好酸球性副鼻腔炎におけるSIRT1によるサイトカイン発現制御機序の解明

研究課題

研究課題/領域番号 18K16871
研究機関北海道大学

研究代表者

鈴木 正宣  北海道大学, 医学研究院, 助教 (70455658)

研究期間 (年度) 2018-04-01 – 2022-03-31
キーワード耳鼻咽喉科学 / アレルギー学
研究実績の概要

本年度は、昨年度に樹立した実験系を用いて、ヒト初代継代鼻粘膜上皮細胞(primary human nasal epithelial cells)におけるサイトカイン産生に、Toll-like receptor (TLR)3のアゴニストとして知られるPoly(I:C)が与える影響を検討した。数~数十マイクロリットル程度の微量のサンプルから一度に数十種類の遺伝子発現を評価できるmicrofluidic qPCR法を用いて、鼻粘膜上皮細胞から採取した微量検体を用いて、各サイトカインのメッセンジャーRNAを評価した。複数のPoly(I:C)の濃度、刺激時間を検討し、実験系の最適化を行うことができた。
その結果、Poly(I:C)刺激によって、鼻粘膜上皮細胞ではインターロイキン6(IL-6)を初めとする複数のサイトカインや増殖因子などの産生・分泌が亢進することが判明した。しかし、中には逆に抑制されるサイトカインなども存在し、その機序の違いについて検討が必要と考えられた。
また、Poly(I:C)刺激によるサイトカイン産生には、通常考えられていたよりも長時間の刺激が必要であることが示唆された。

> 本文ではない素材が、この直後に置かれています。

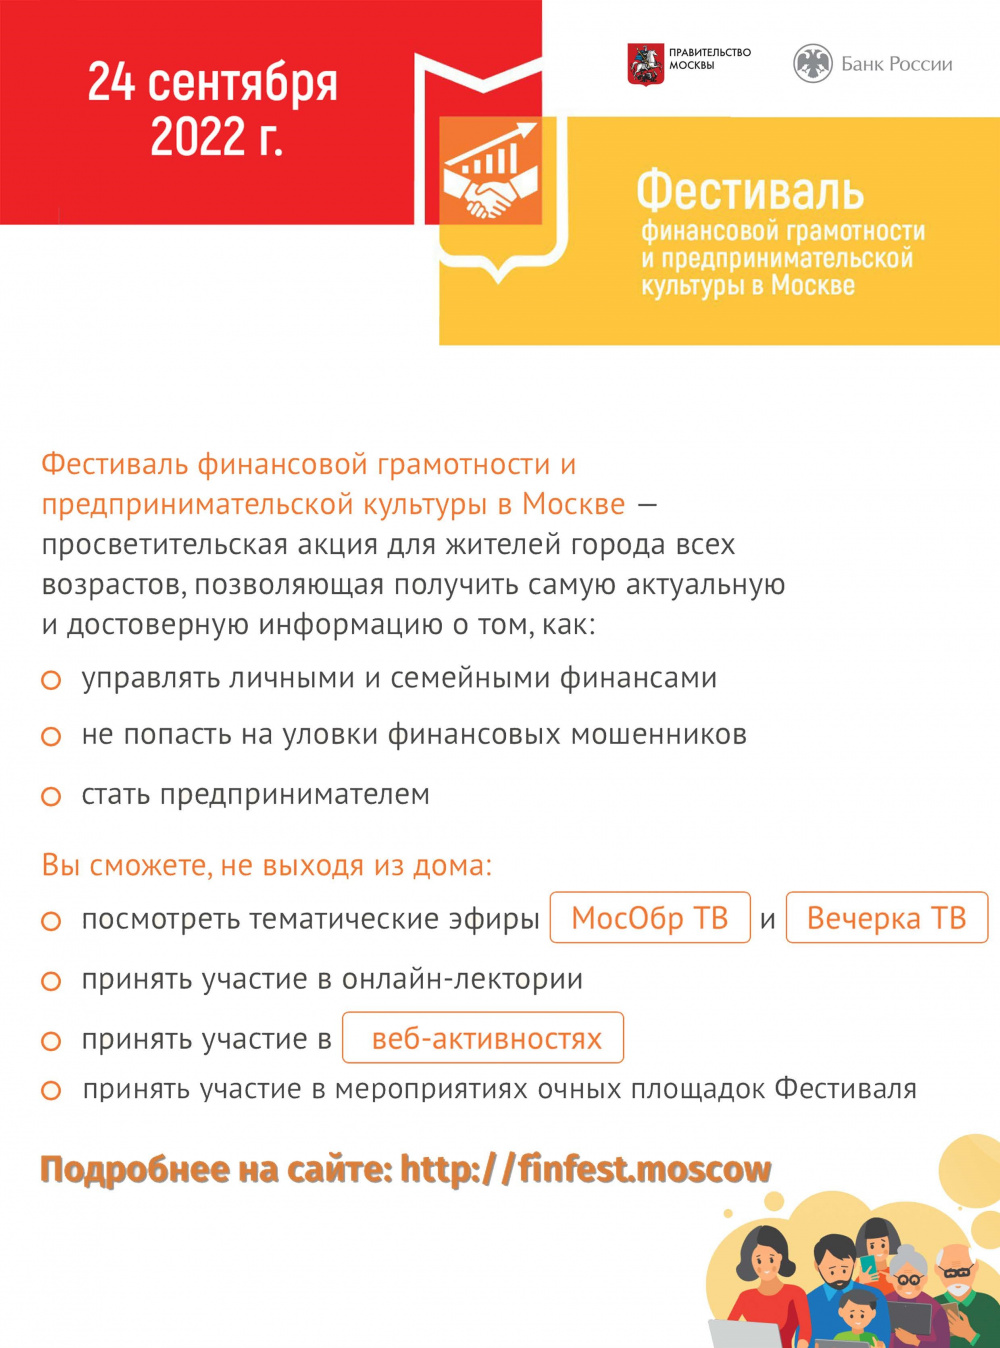 Фестиваль финансовой грамотности 24.09.2022 г.

その一方、ある一定濃度を越えると、Poly(I:C)濃度とサイトカイン産生のリニアな相関が保たれなくなることも判明した。
さらに他のTLRアゴニストではPoly(I:C)ほどのサイトカイン産生亢進が見られないことや、このサイトカイン産生亢進はPoly(I:C)の長さや分子量には依存しないことも判明した。

現在までの達成度 (区分)
現在までの達成度 (区分)

2: おおむね順調に進展している

理由

実験系を最適化し確立させたことができた。予想されていた結果を得ることもできている。MMP9のみならず多数のサイトカインがPoly(I:C)によって誘導されるということは、SIRT1でも制御されうることを示唆している。Poly(I:C)はTLR3を介してNFkBを活性化させる事が知られており、このPoly(I:C)やSIRT1によるサイトカイン産生制御機構は鼻粘膜上皮細胞における普遍的な機構である可能性がある。このようにこれまでのところ臨床病態解明や新規治療法の開発に直結しうる結果を得られている。

今後の研究の推進方策

今後は、タンパク質レベルで同様の事象が存在しうるかをmultiplex Assayで検討する。また、SIRT1活性剤、阻害剤によるサイトカイン産生への影響を検討する予定である。またTLR3と相同性のあるRIG-Iについても同様の検討を行う。

次年度使用額が生じた理由

新型コロナウイルスの影響で国内学会が1件延期となり、そのための旅費・参加費が使用されなかったため。
次年度はヨーロッパ鼻科学会(ERS/ISIAN)、アジアヨーロッパ耳鼻咽喉科学会(ORLIAC)で研究結果を発表する予定である。

  • 研究成果

    (4件)

すべて 2019 その他

すべて 国際共同研究 (1件) 雑誌論文 (2件) (うち国際共著 2件、 査読あり 2件、 オープンアクセス 2件) 学会発表 (1件) (うち国際学会 1件)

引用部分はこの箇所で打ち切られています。